Fan controls are important to remove fog on the windows. I should be able to enable it without looking away the road.



Properly defrosting/defogging the windows would be more than just a fan control. Ideally you want to ensure the AC compressor and heat are both running and you need to change the vent settings.

Far better to have a dedicated defrost button next to the driver's normal controls that does it all as a single toggle rather than have the driver make multiple adjustments. Which is what I have on both of my cars, one of which people complain about how it's just a giant touchscreen.



If you live in a place where this is frequently required, in a Tesla you can put the defrost button on the shortcut bar at the bottom of the screen, where it only requires a quick glance to align your thumb to activate it. Which is actually easier than many cars with physical controls that may require multiple button presses and/or knob turns to configure all of the correct climate settings for defrosting in the current conditions.


My electric car, a Zoé, have real buttons to toggle the defrost. I know what the buttons are like, so I can jut move my hand until I feel I'm on the right button. I don't need a "quick glance".


Much easier to have a single physical button.


Overstated. It's at best marginally easier to hit a random physical button on the center console than to hit a single button on the bottom bar of a Tesla screen, where it is very easy to grab by design. I generally don't hit those physical buttons without at least a glance, and that's all it takes for the Tesla bottom bar buttons too.

This doesn't save the wiper situation, though, because that requires navigating menus. Clearly far worse than a physical control in that case.



> It's at best marginally easier to hit a random physical button on the center console than to hit a single button on the bottom bar of a Tesla screen

You presumably typed this out on a keyboard of some sort.

Which one can you do more confidently and reliably without looking:

— hitting the "u" key on a physical keyboard without looking — hitting the "u" key on a touchscreen keyboard on your most used mobile device?



I can touch type and hit 'u' without looking, sure. But only if my hands start on the home row. This has no relevance for the situation under discussion. I cannot hit the 'u' key on a physical keyboard confidently and reliably without looking if it is mounted on the center console of a car and I am driving with my hands starting on the steering wheel. I always look to position my hand to hit those buttons. Meanwhile, the Tesla bottom bar buttons are far easier to hit than any key on my phone keyboard because they are much larger and mounted in a fixed position relative to me with a built in place to rest and align my hand.

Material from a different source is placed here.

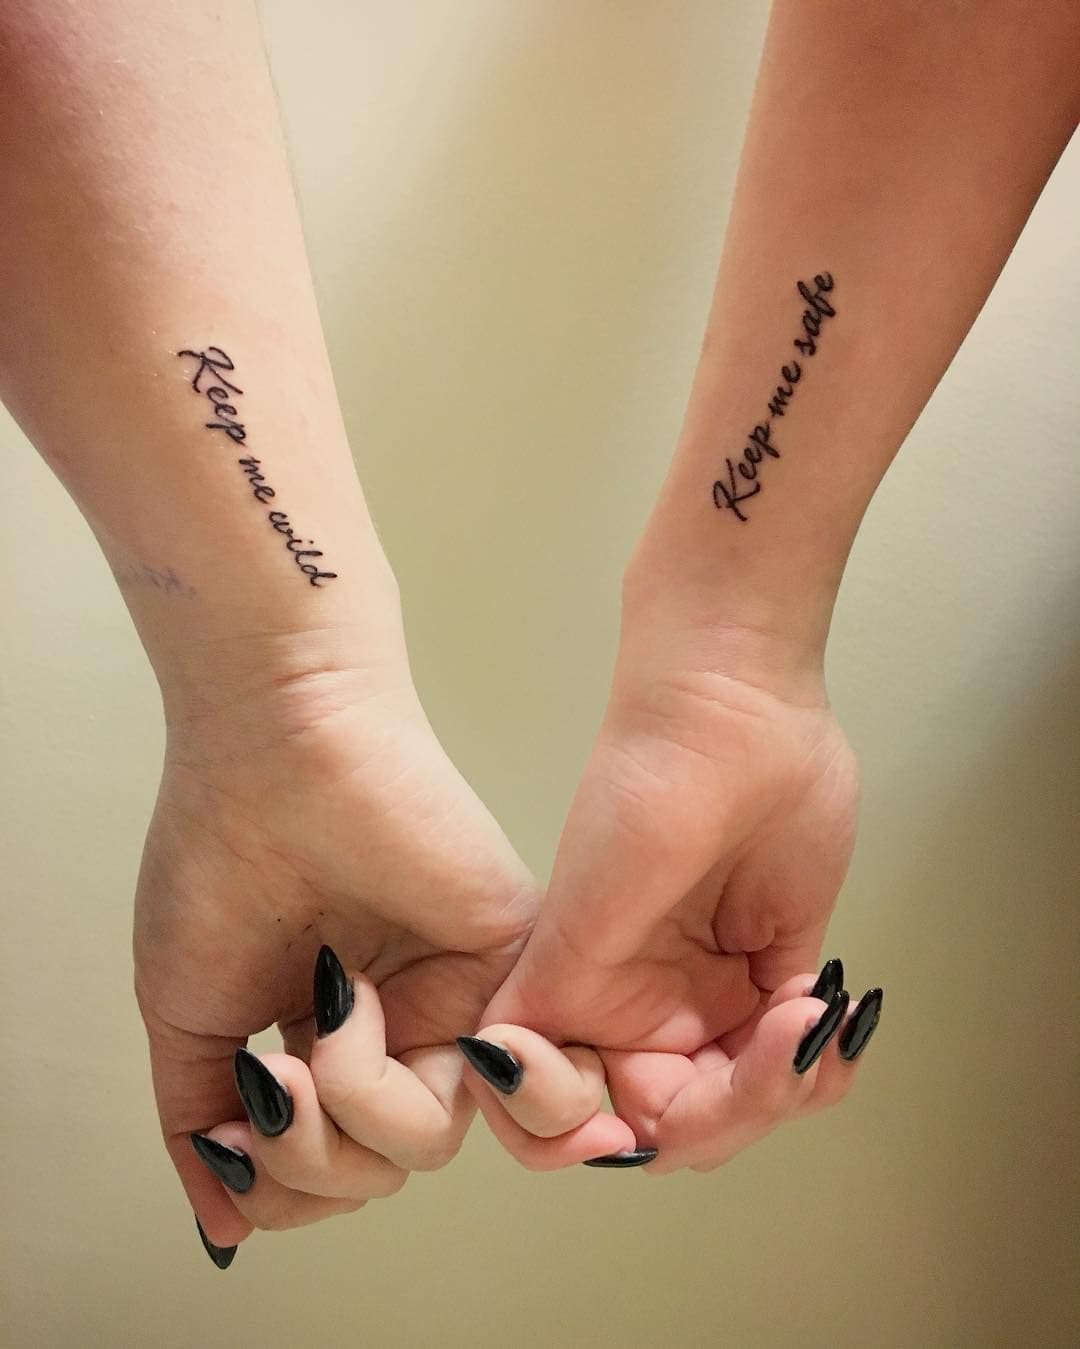 25 Best Friend Tattoos for You and Your Squad - Brit + Co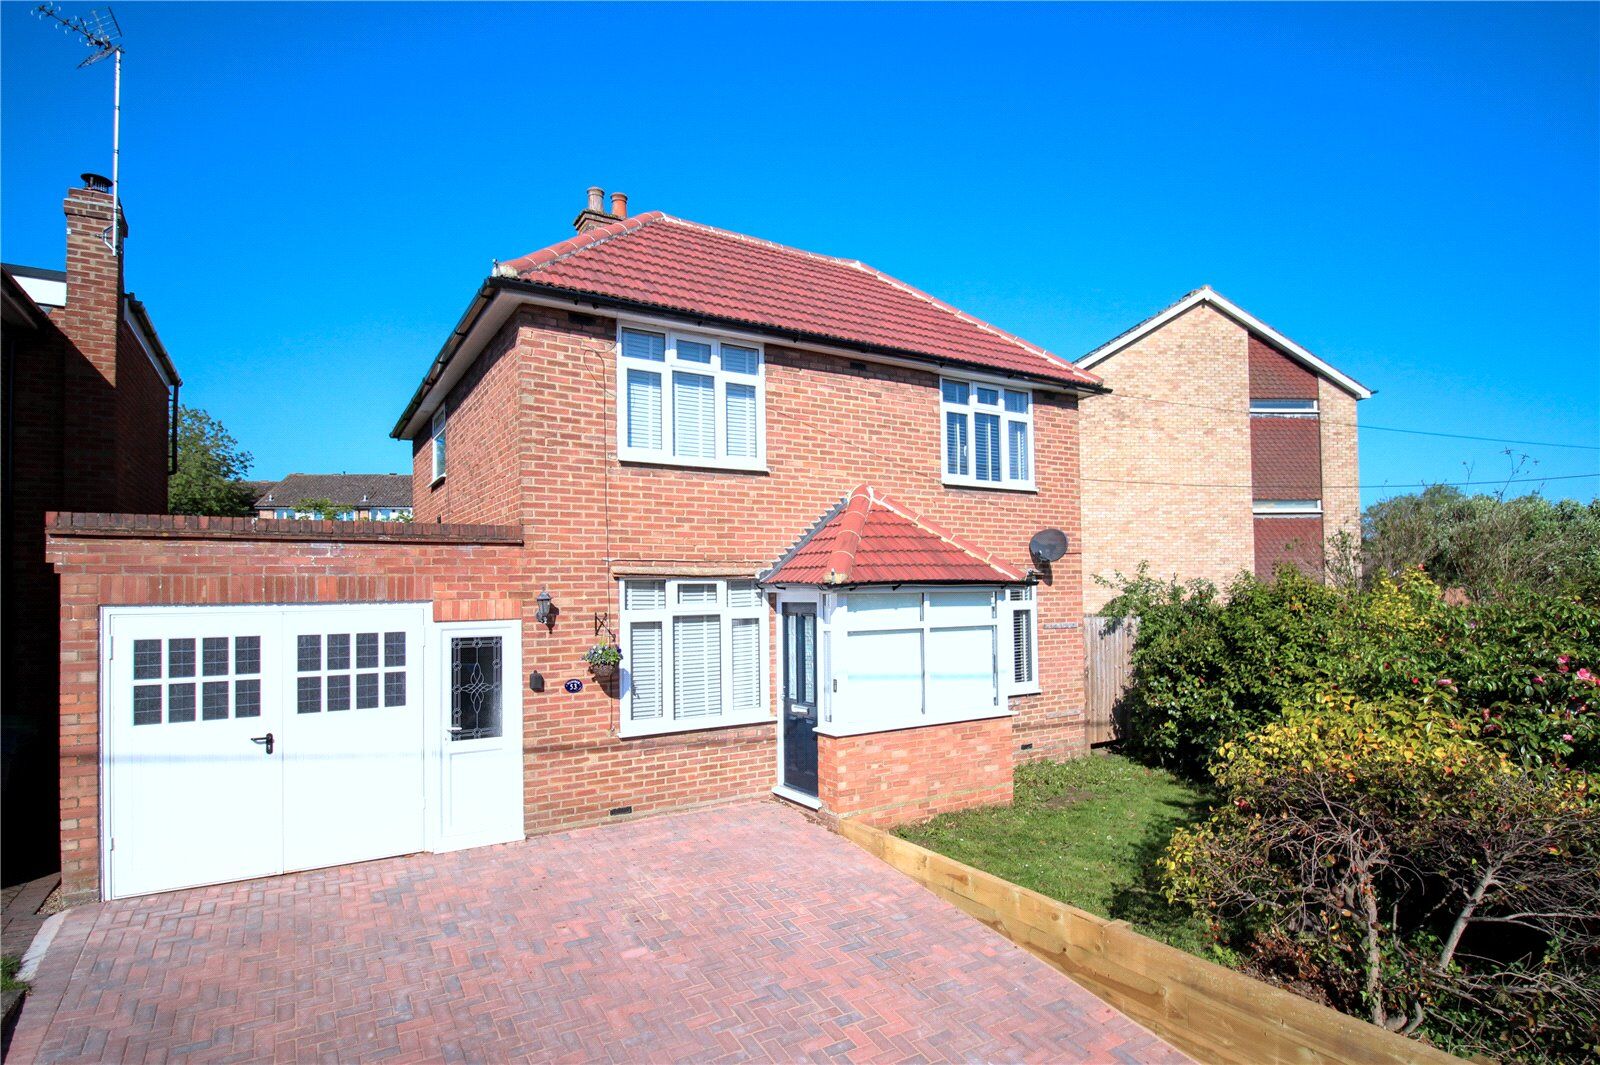 3 bedroom detached house for sale Plomer Green Lane, Downley, HP13, main image

These situations are completely incomparable.


>I can touch type and hit 'u' without looking, sure. But only if my hands start on the home row.

The keys have bumps to let you know when your hands are in the right place.

Similar affordances exist in many cars. Even where they don't; the much smaller amount of them makes remembering things like "the third button from the left mutes the audio" and finding it by touch entirely possible.

Look, I'm not trying to argue that touchscreens are useless or whatever — if you like your touchscreen, fine, whatever, your problem.

But claiming that they're _as easy_ to use without looking as button is just not believable.



There are knobs on the f and j key so you can find the home row without looking. Similarly, physical buttons in a car can be shaped in such a way that they allow for feeling your position.


> But only if my hands start on the home row.

But but... in a car your hands always start on the wheel...



...which is nowhere near the center console, very much unlike the 'u' key's convenient position millimeters from the home row...


Be honest: when you reach for a physical button you might glance for 0.5 seconds or even less. Usually you'll try to reach it without looking, and only glance if for some reason you can't do it. You glance, reposition your hand, and operate the knob without looking.

When you try to use a touch screen, you look at it all the time. I've just tested: to unlock my phone I have to push a physical button on the right side, swipe up and then make an easy pattern. I can grab the mobile, orient it correctly and push the side button without looking or even thinking. But just to make the up swipe I look at the screen (I can force my self to not do it, with effort). But I'm unable to make the pattern without looking all the time I trace it. It's like the brain don't want or can create muscle memory for touch screens.



Well, I'm the customer and I want physical buttons!

Edit: I had a car that used a touch screen feature to activate the heated windscreen - it was perfectly responsive, easy to find but I still hated it. Current car has a single physical button to turn on all relevant features with one press and I love it.



Why touch screens should be an absolute no-go for anything safety adjacent: gloves. The overwhelming majority of touch screens just do _not_ work with the user wearing gloves.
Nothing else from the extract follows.